Required action:
Copy out each line below verbatim, skipping any picture.

Dataset section:
══════════
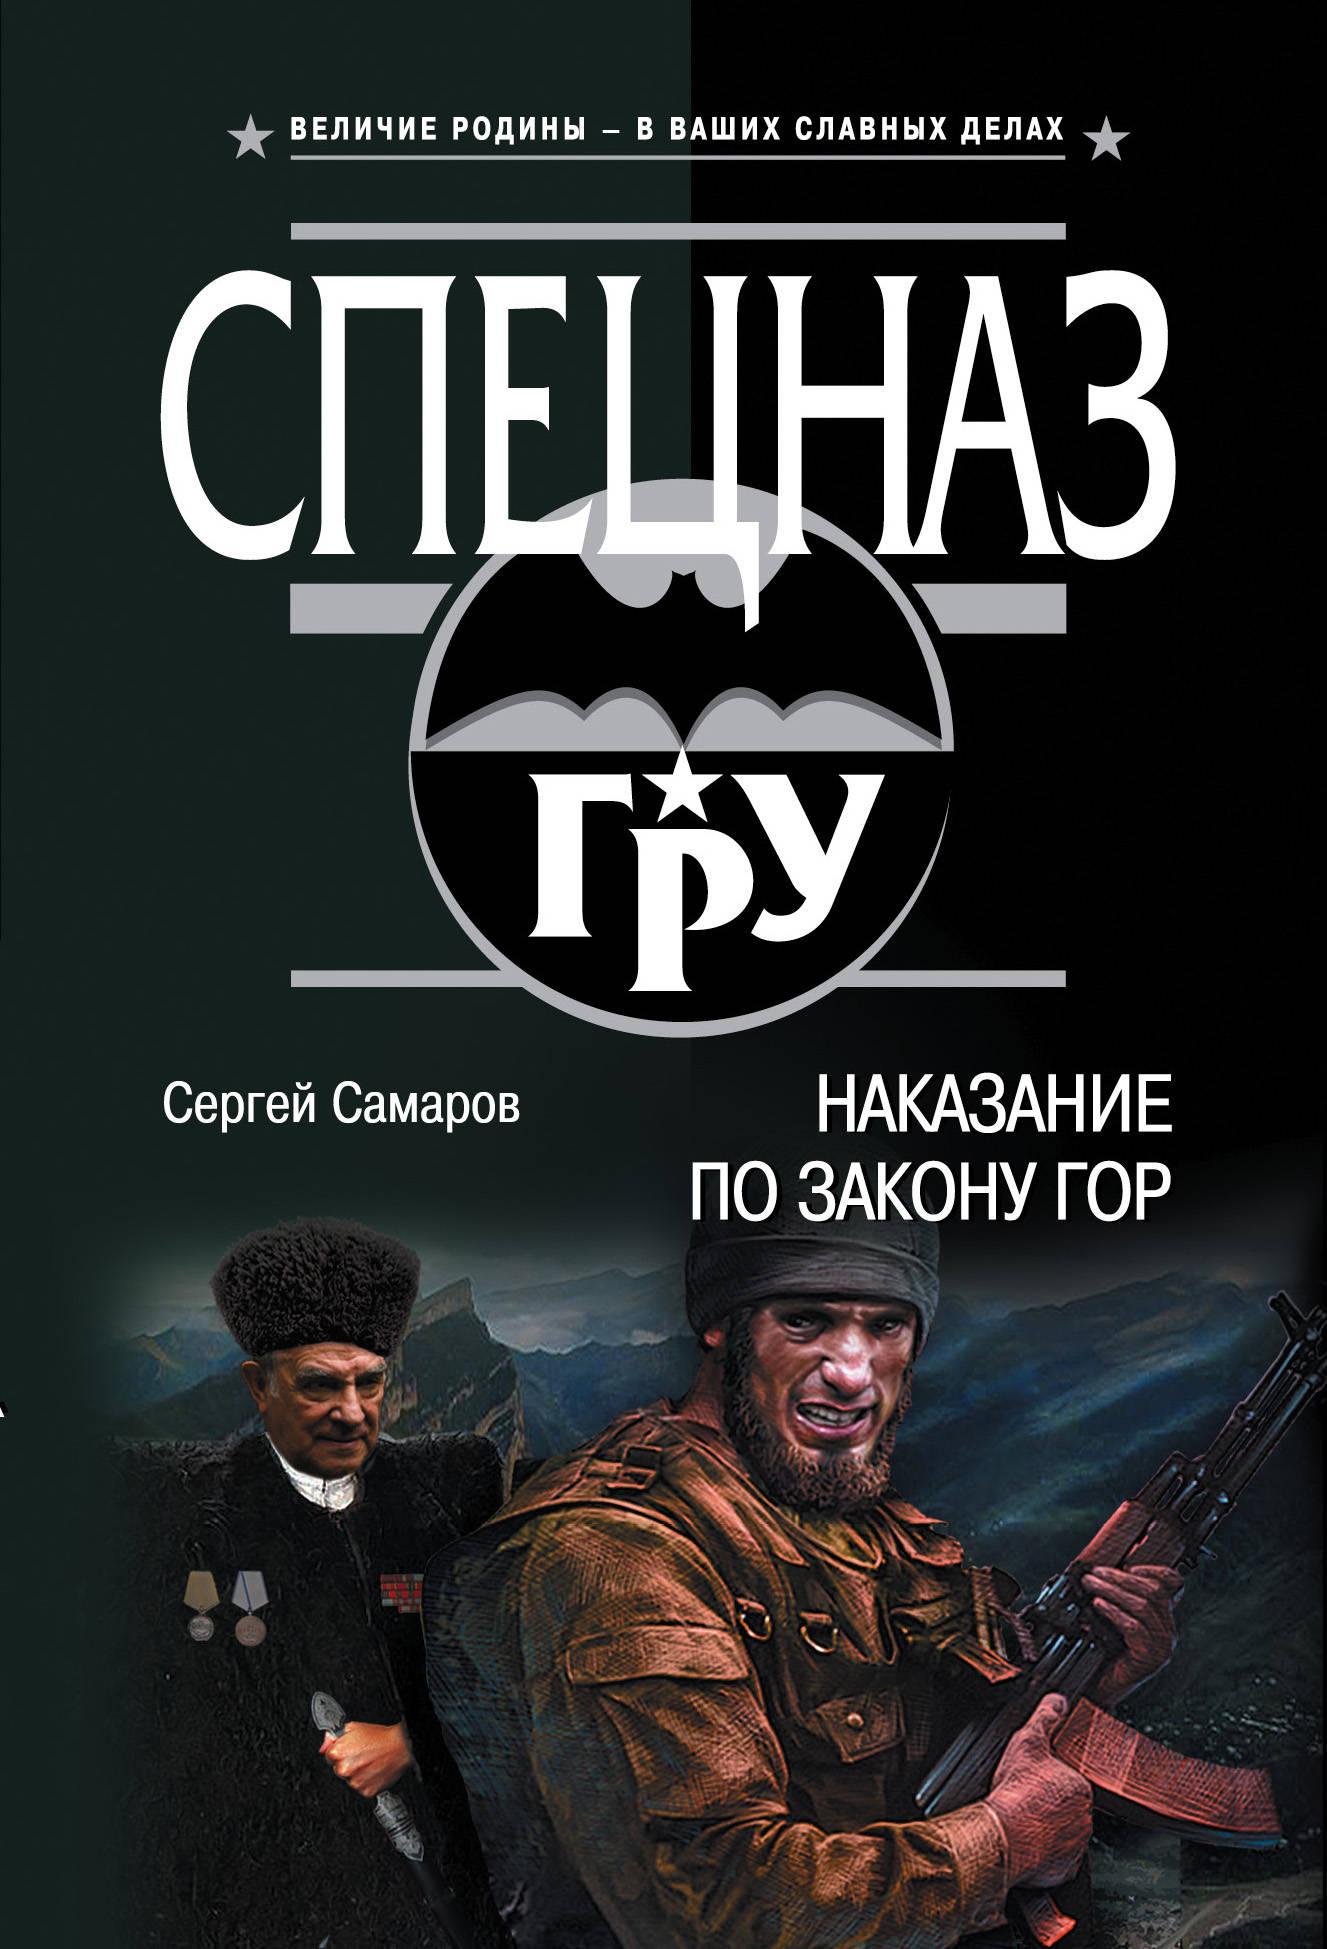 Самаров Сергей Васильевич Наказание по закону гор
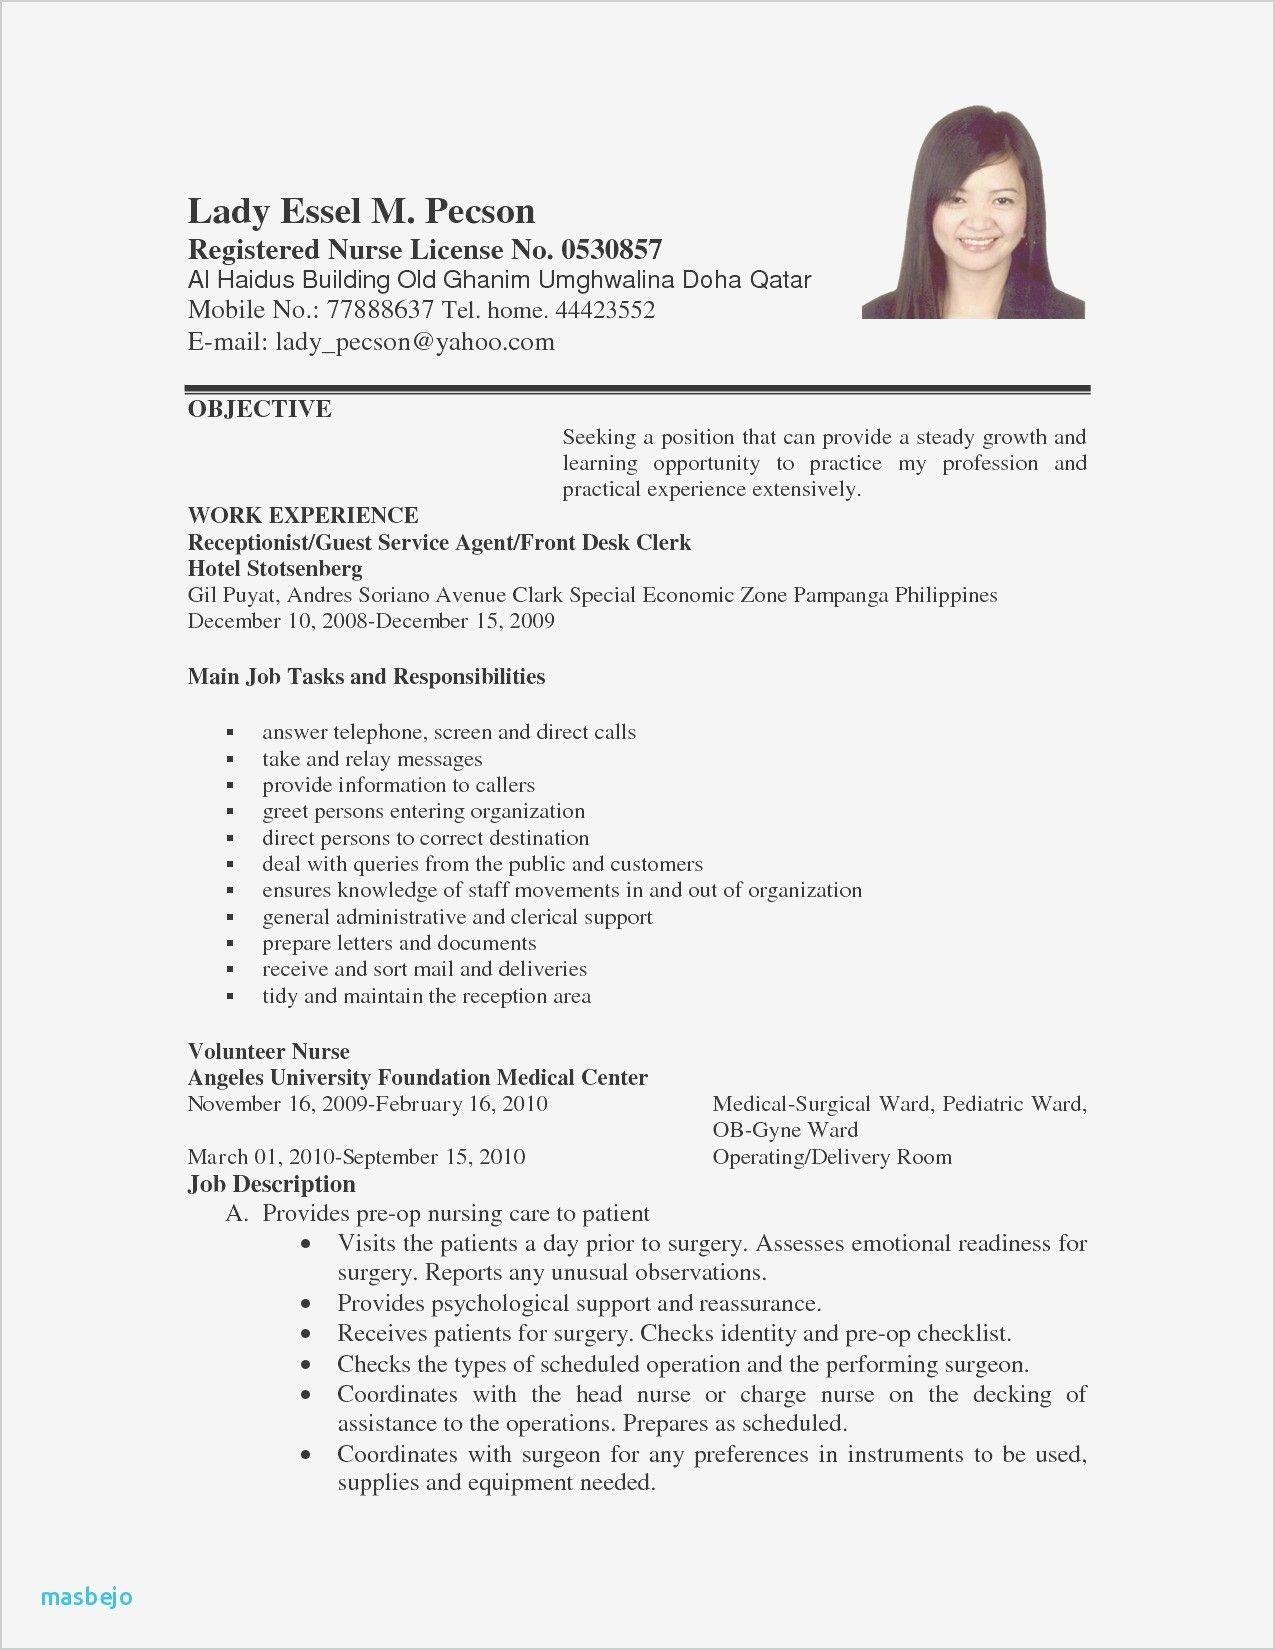 New Sample Letter Job Application Job Resume Examples Cover Letter For Resume Resume Skills
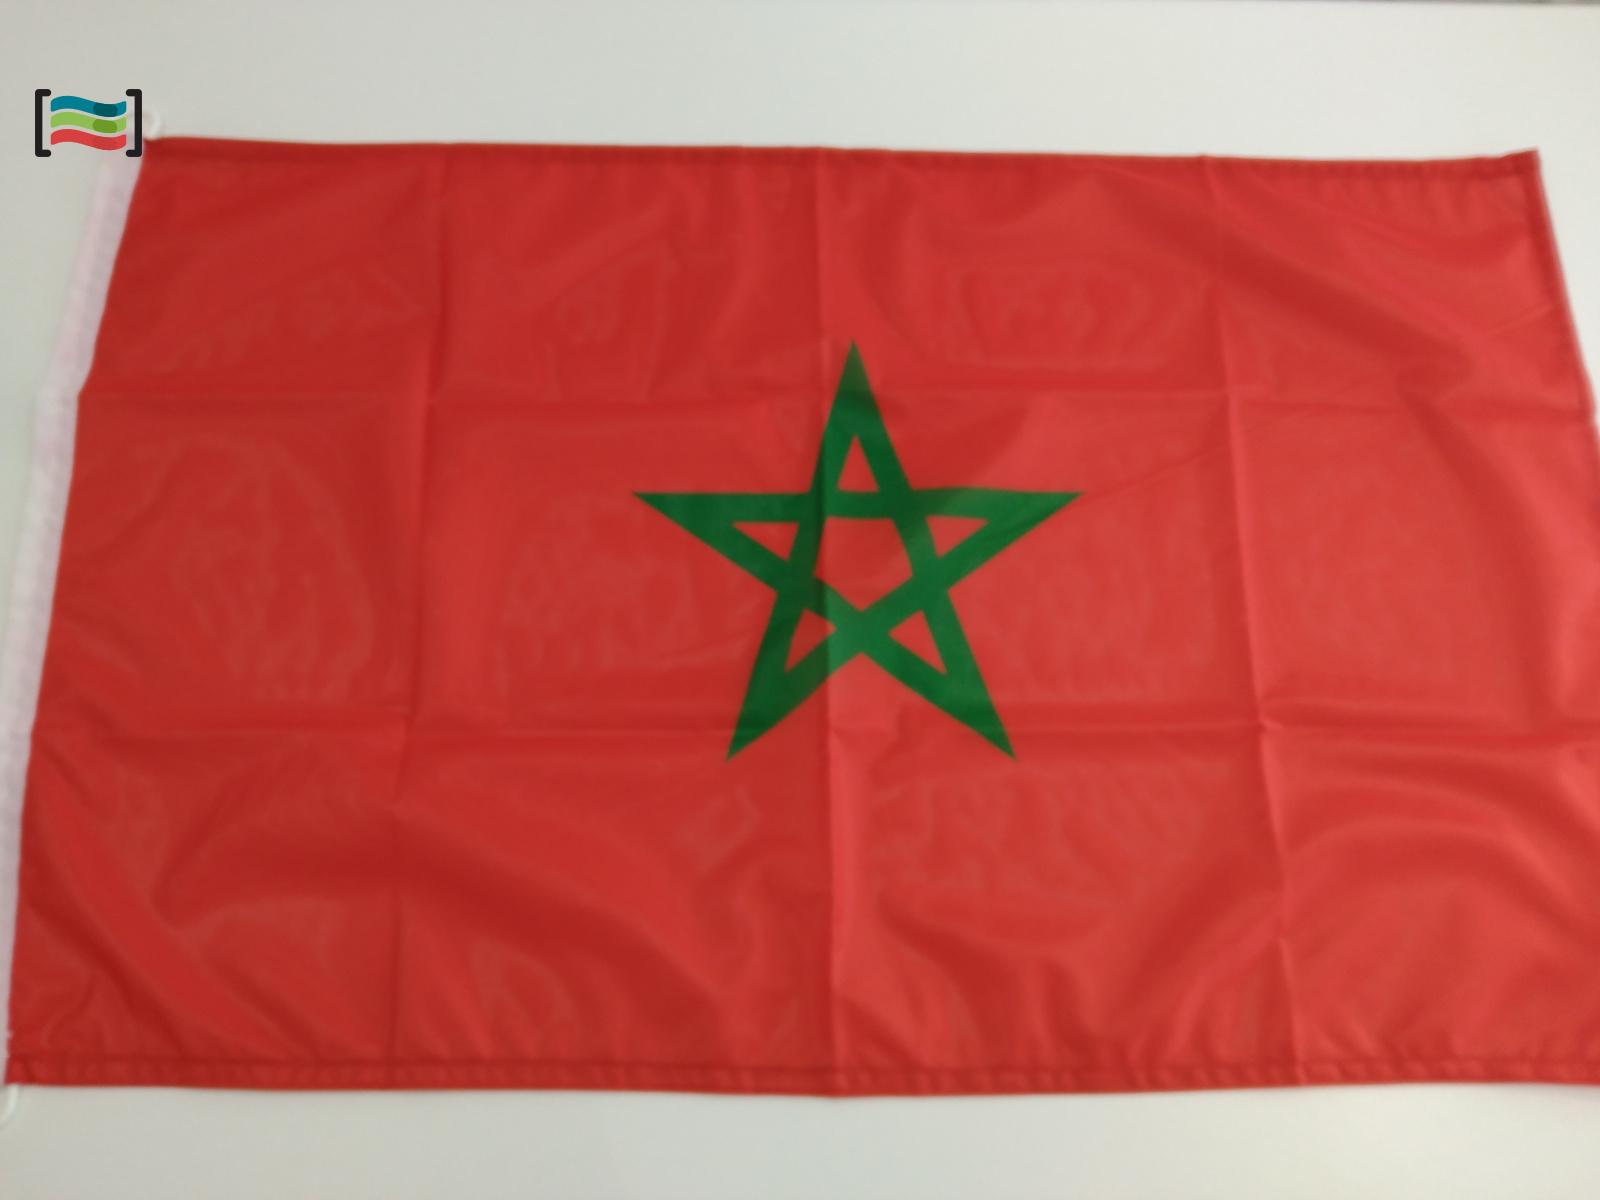 Comprar bandera de marruecos comprar banderas for Medida de baneras
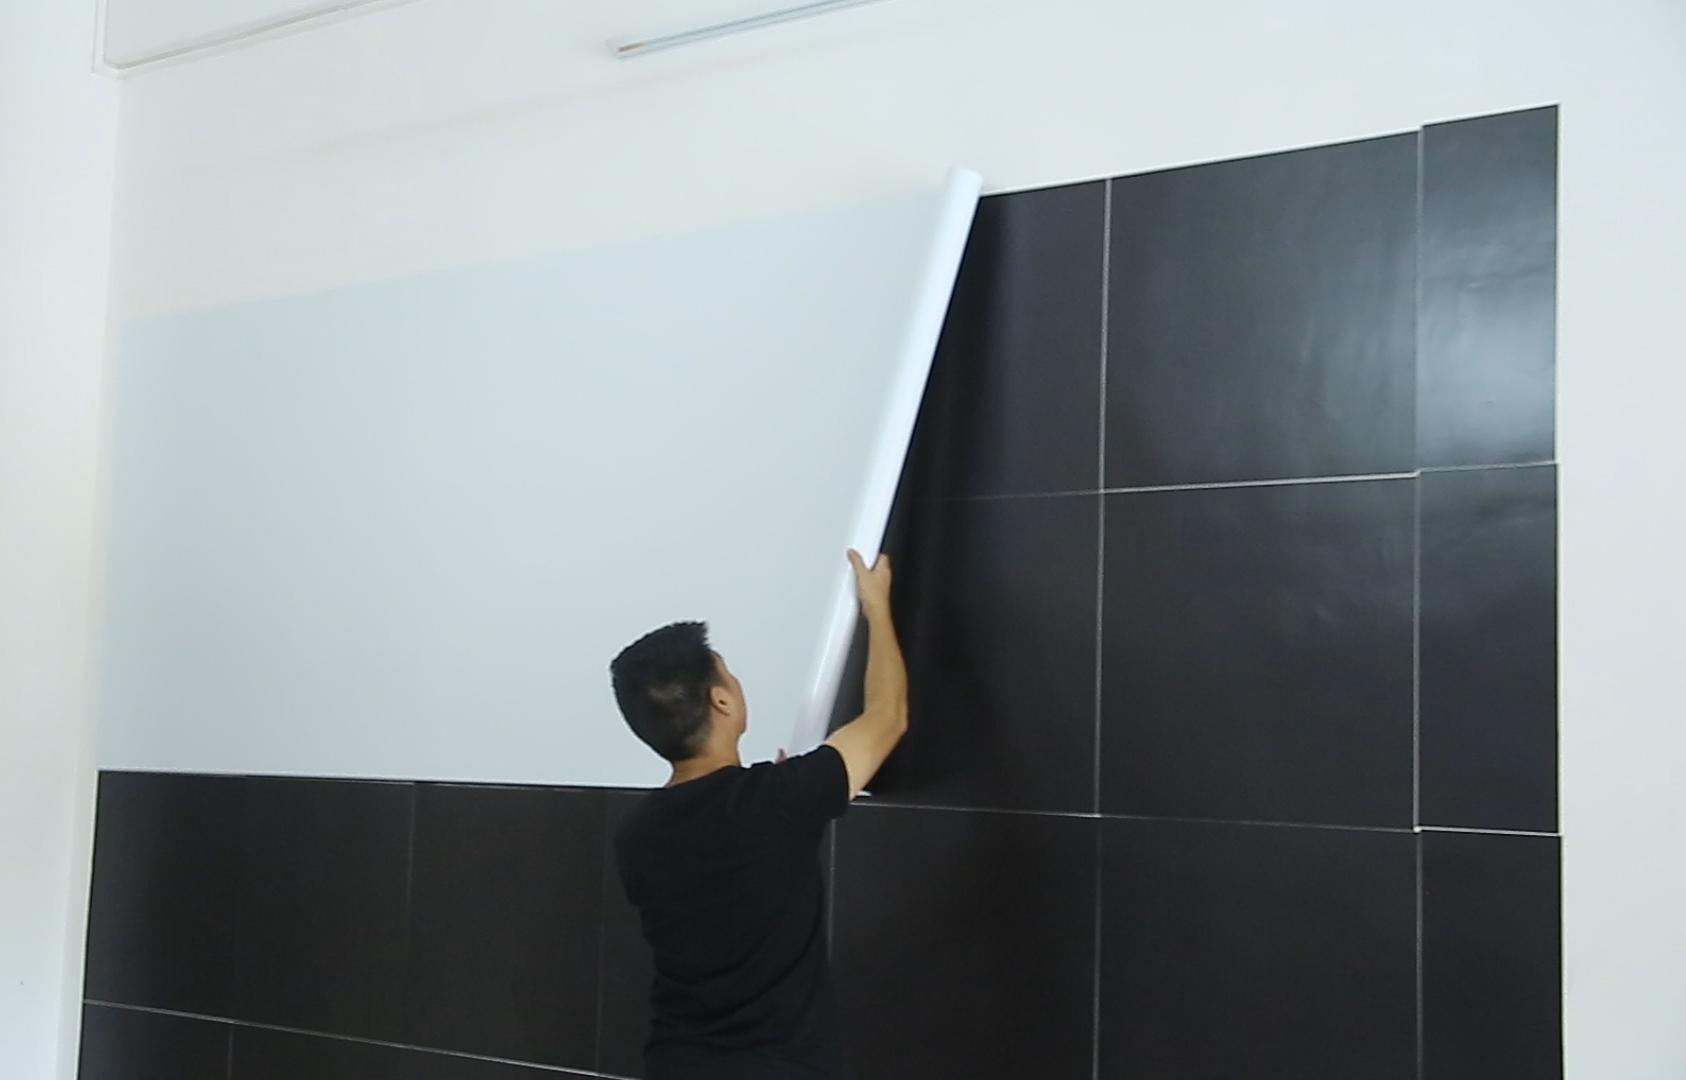 Whiteboard installation
══════════
Response to this task:
 Самаров Сергей Васильевич Наказание по закону гор
 New Sample Letter Job Application Job Resume Examples Cover Letter For Resume Resume Skills
 Comprar bandera de marruecos comprar banderas for Medida de baneras
 Whiteboard installation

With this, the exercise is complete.